INPUT DATA START

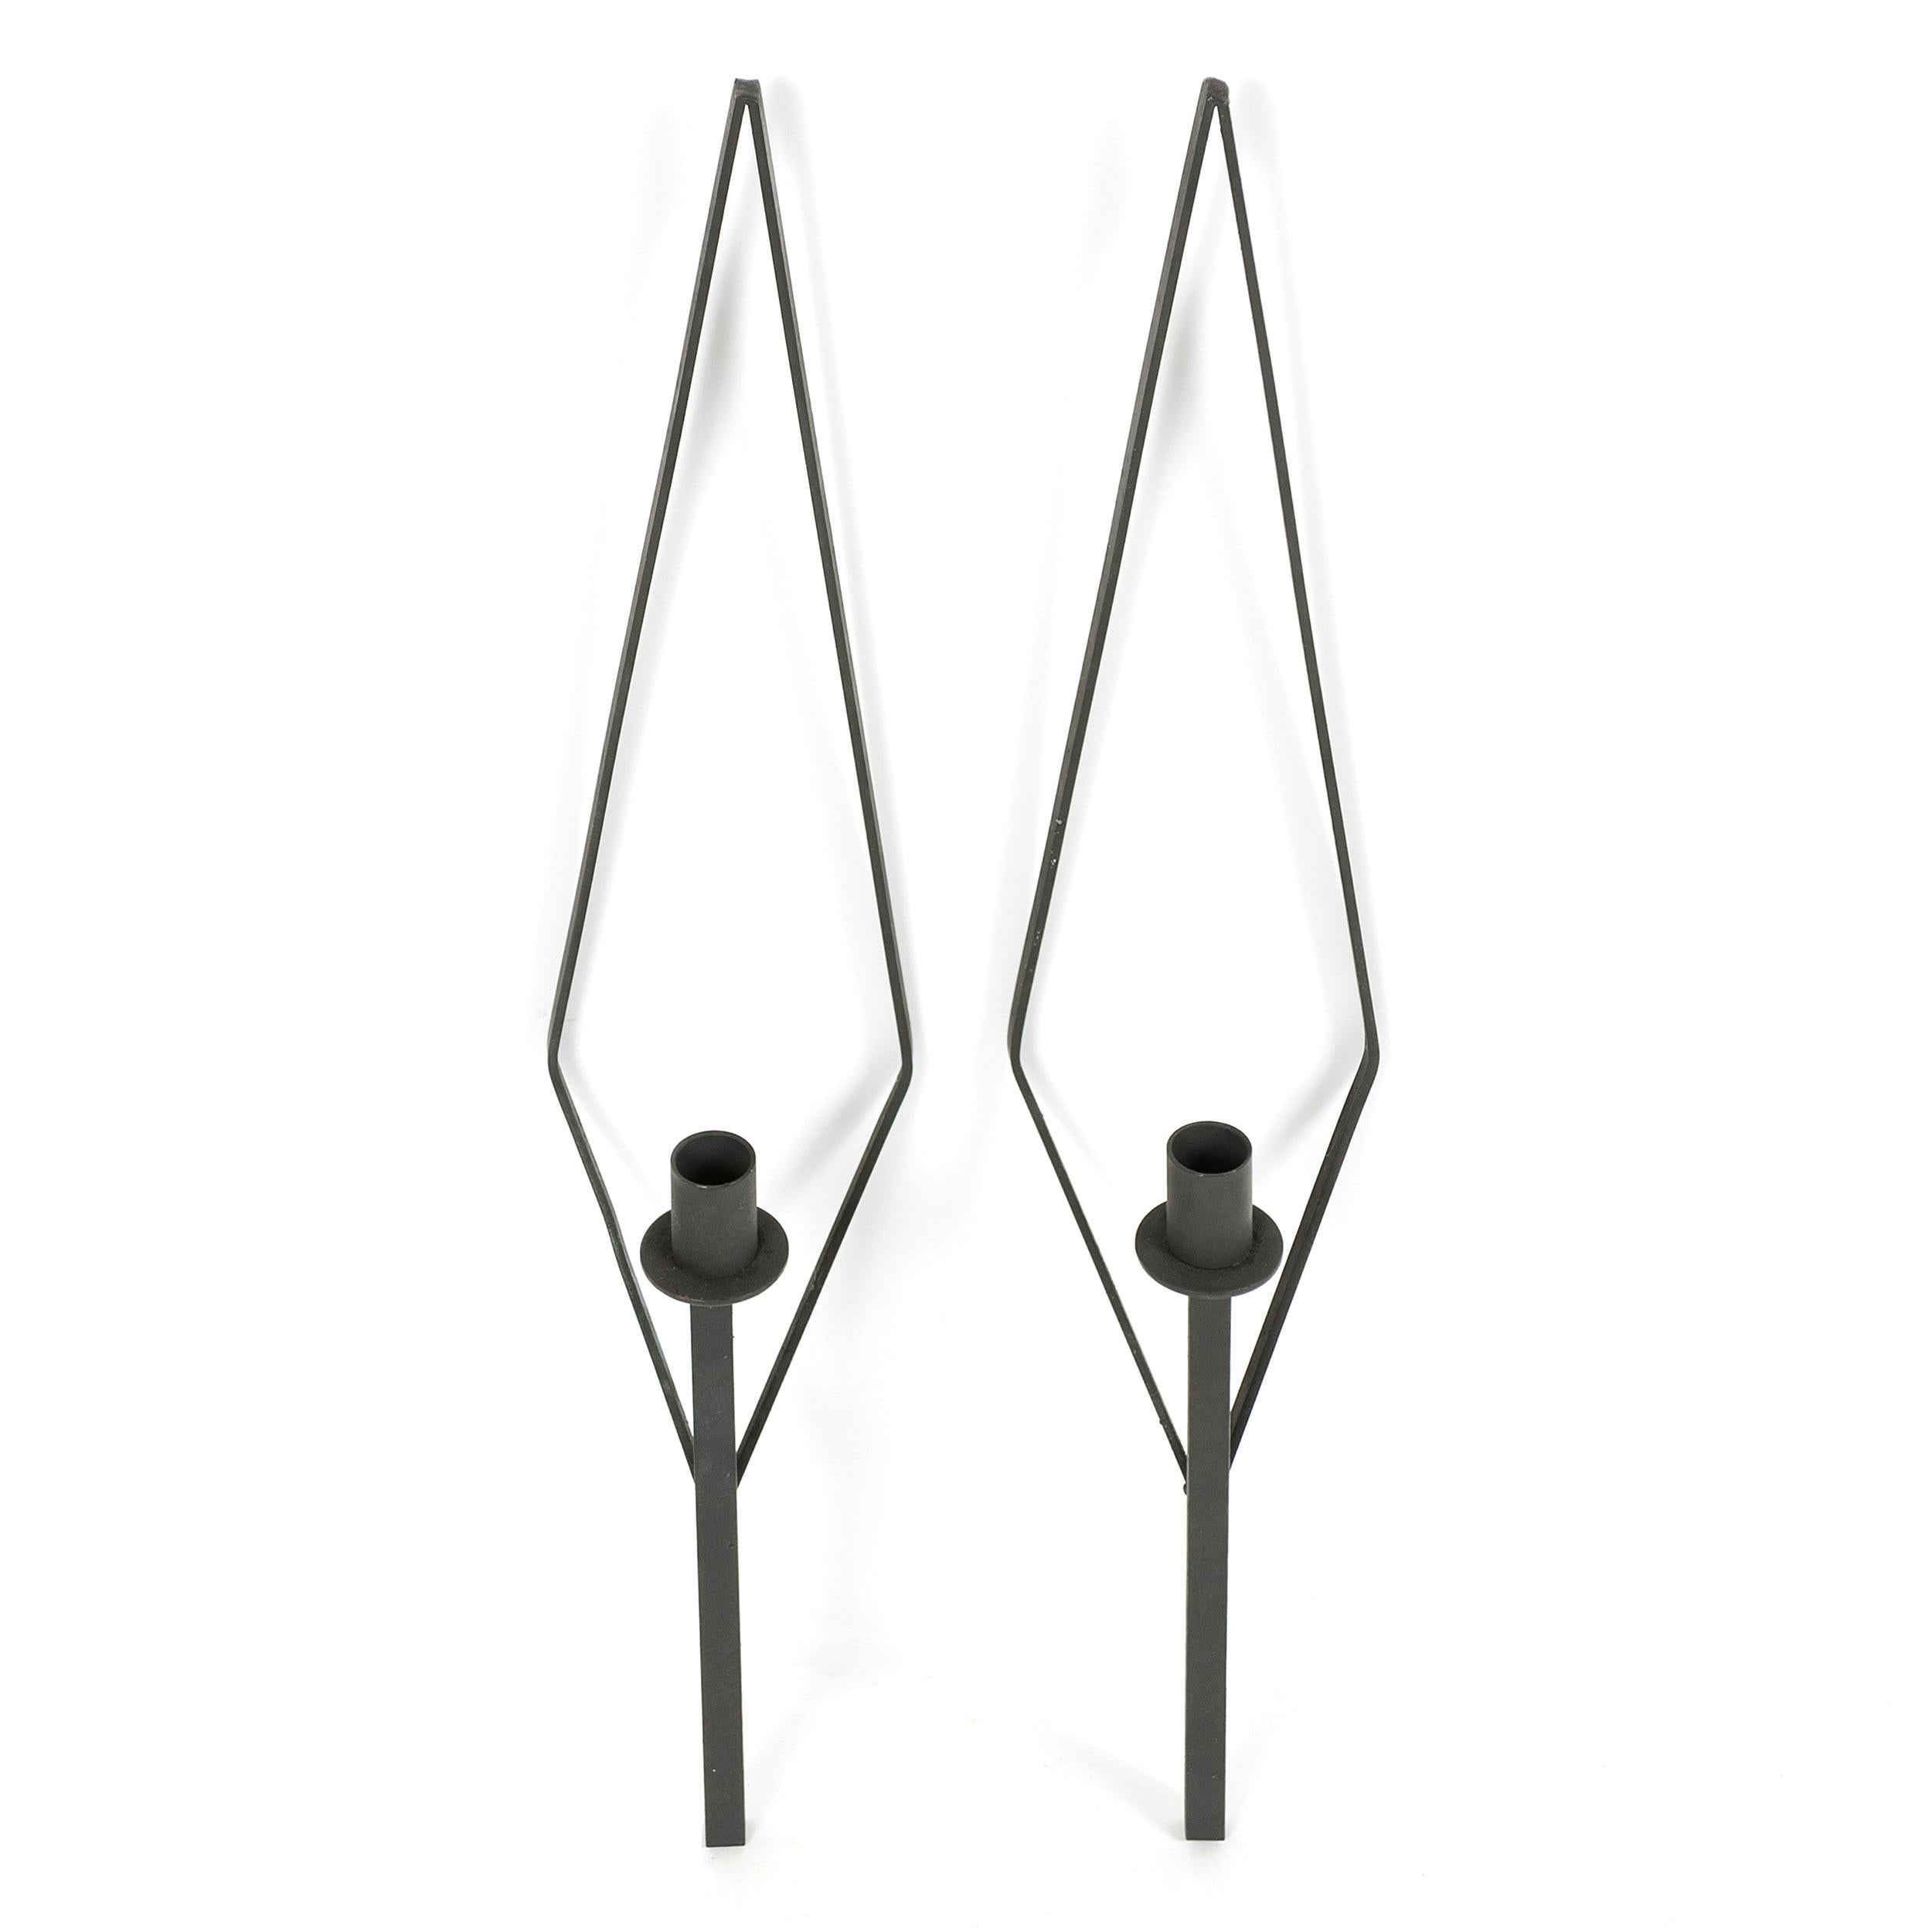 A pair of geometric wrought iron candle sconces.
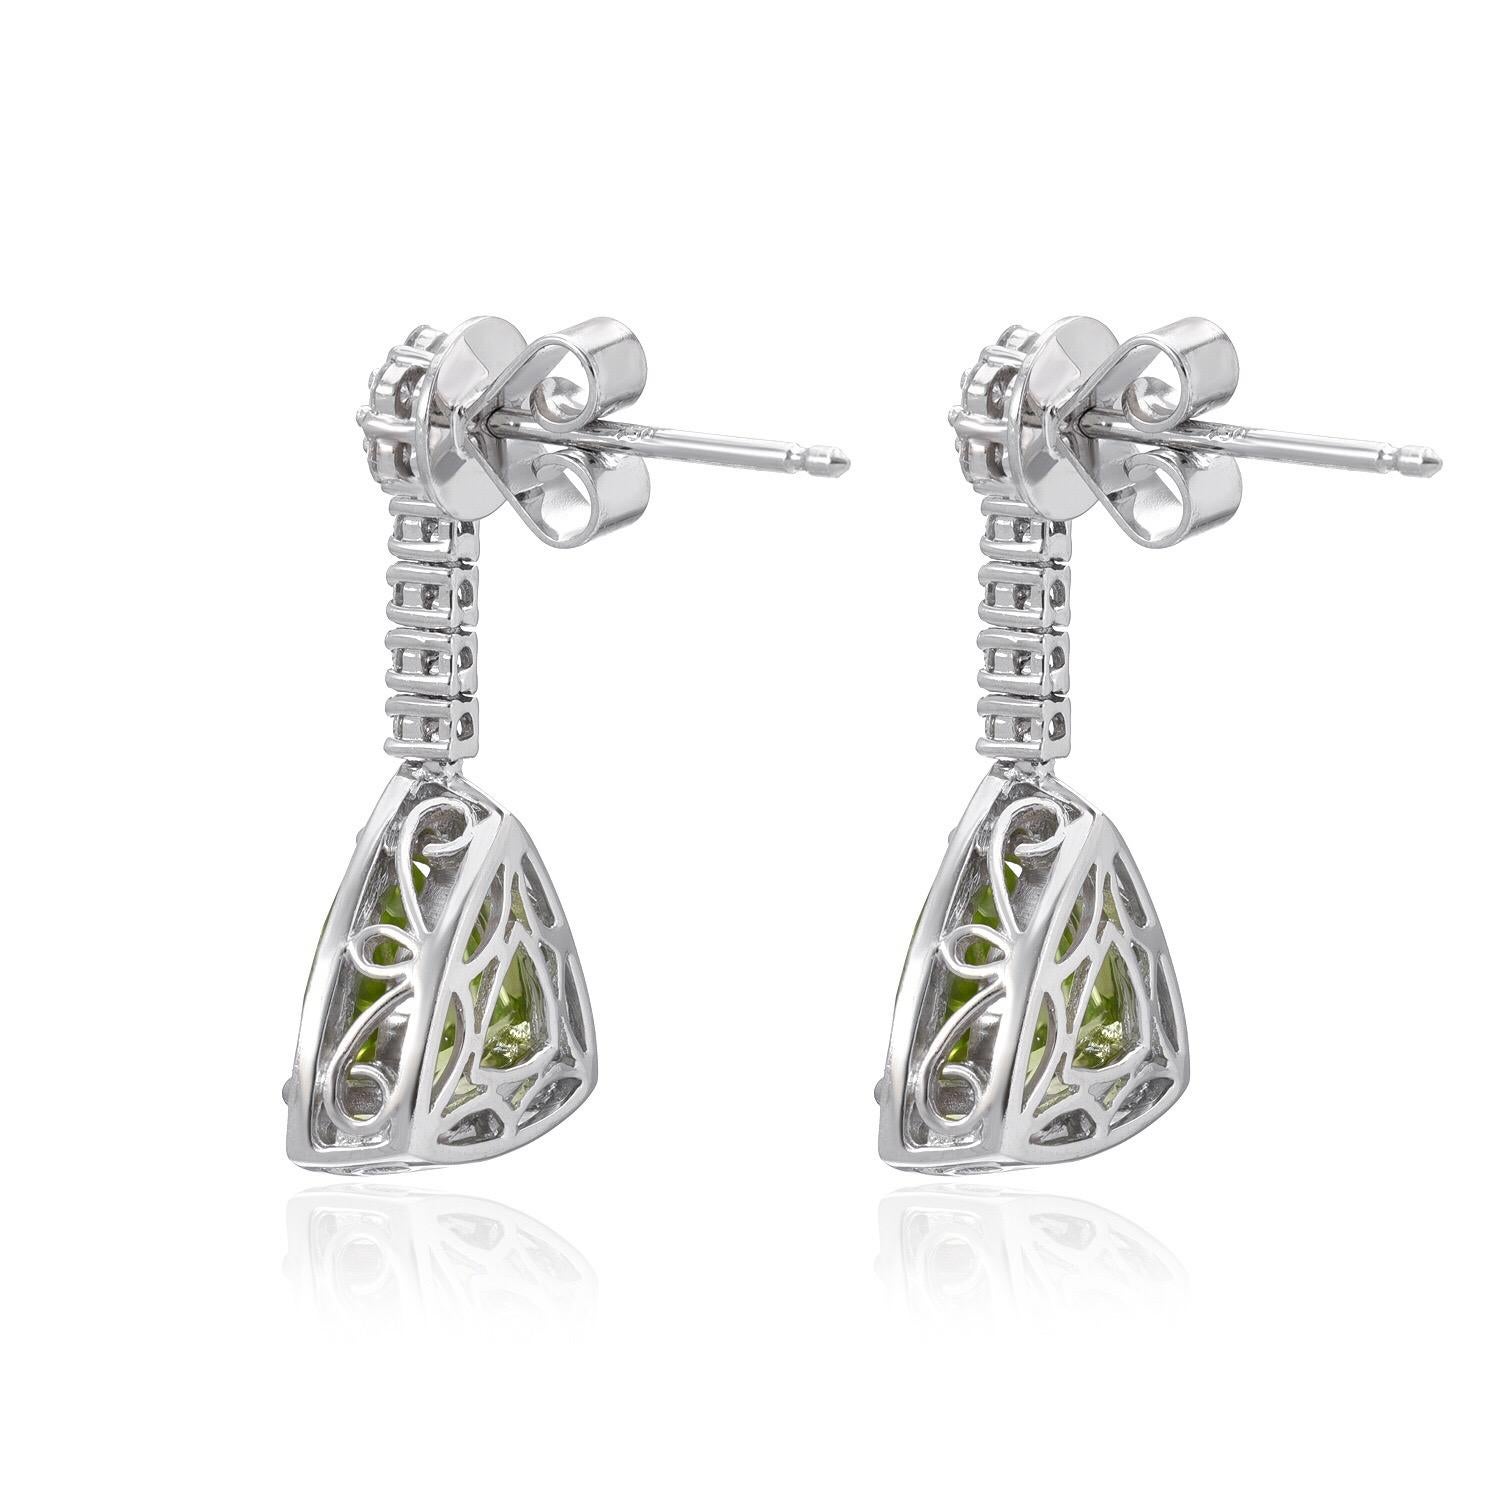 Peridot pair of trillions, weighing a total of 4.23 carats, adorned by round brilliant diamonds weighing a total of 0.77 carats, to comprise this fantastic pair of drop 18K white gold earrings for women.

0.75 inches in length.

Returns are accepted
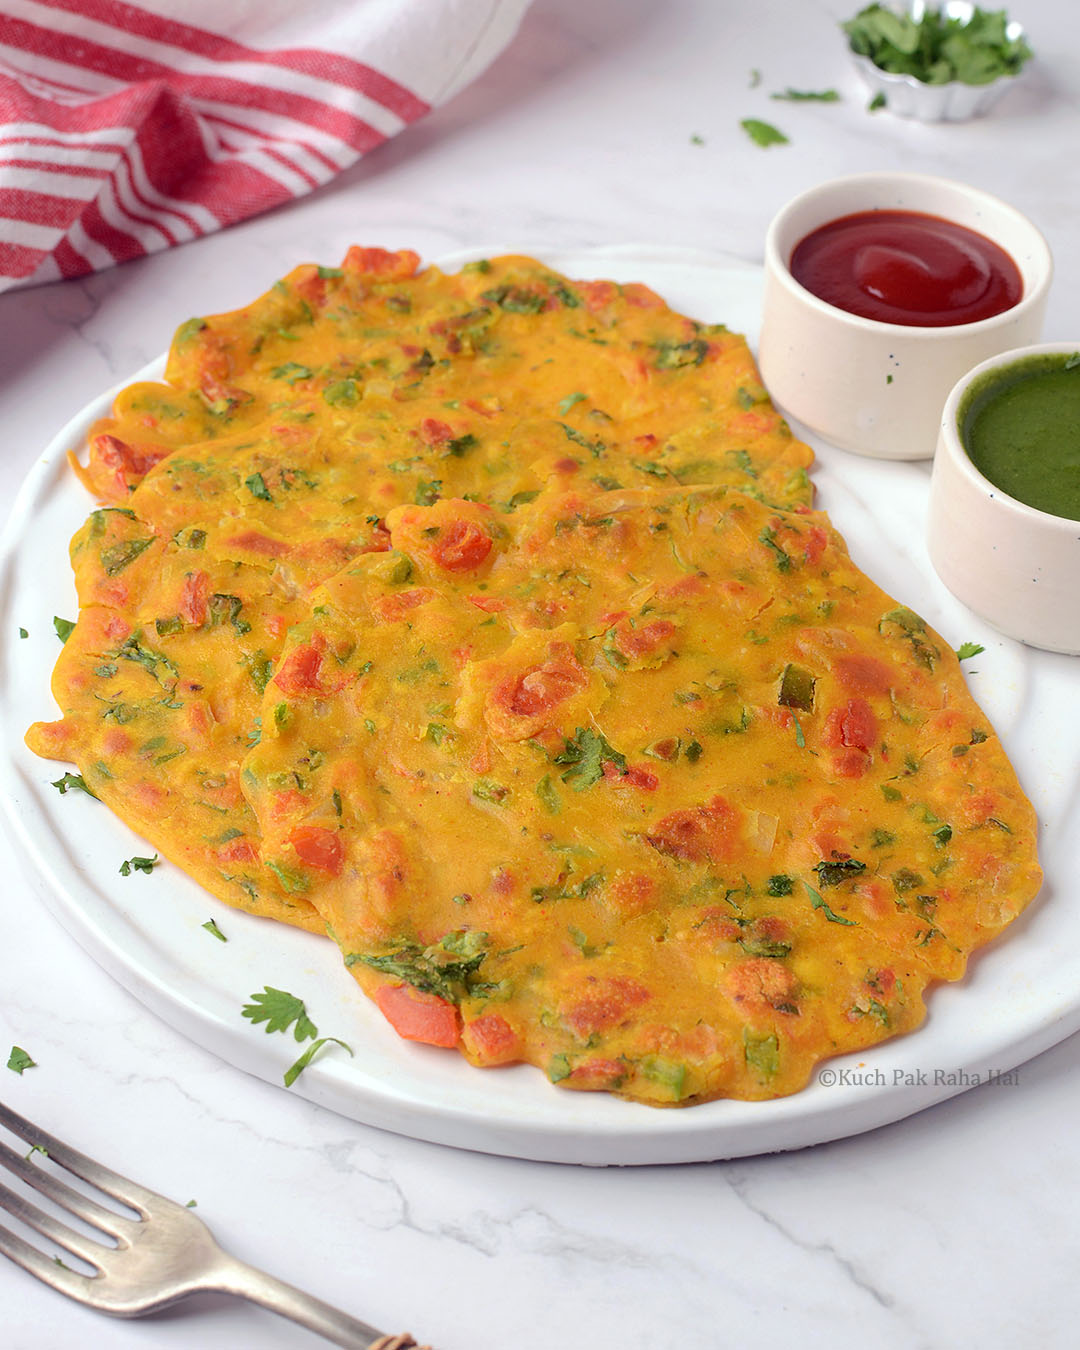 Besan chilla or chickpea flour pancakes with veggies.

INPUT DATA END

> [WORK ORDER]: The records above need to be given again exactly. Omit the pictures.

> [SOLUTION TO THE PROBLEM]:
 A pair of geometric wrought iron candle sconces.
 Peridot pair of trillions, weighing a total of 4.23 carats, adorned by round brilliant diamonds weighing a total of 0.77 carats, to comprise this fantastic pair of drop 18K white gold earrings for women.

0.75 inches in length.

Returns are accepted
 Besan chilla or chickpea flour pancakes with veggies.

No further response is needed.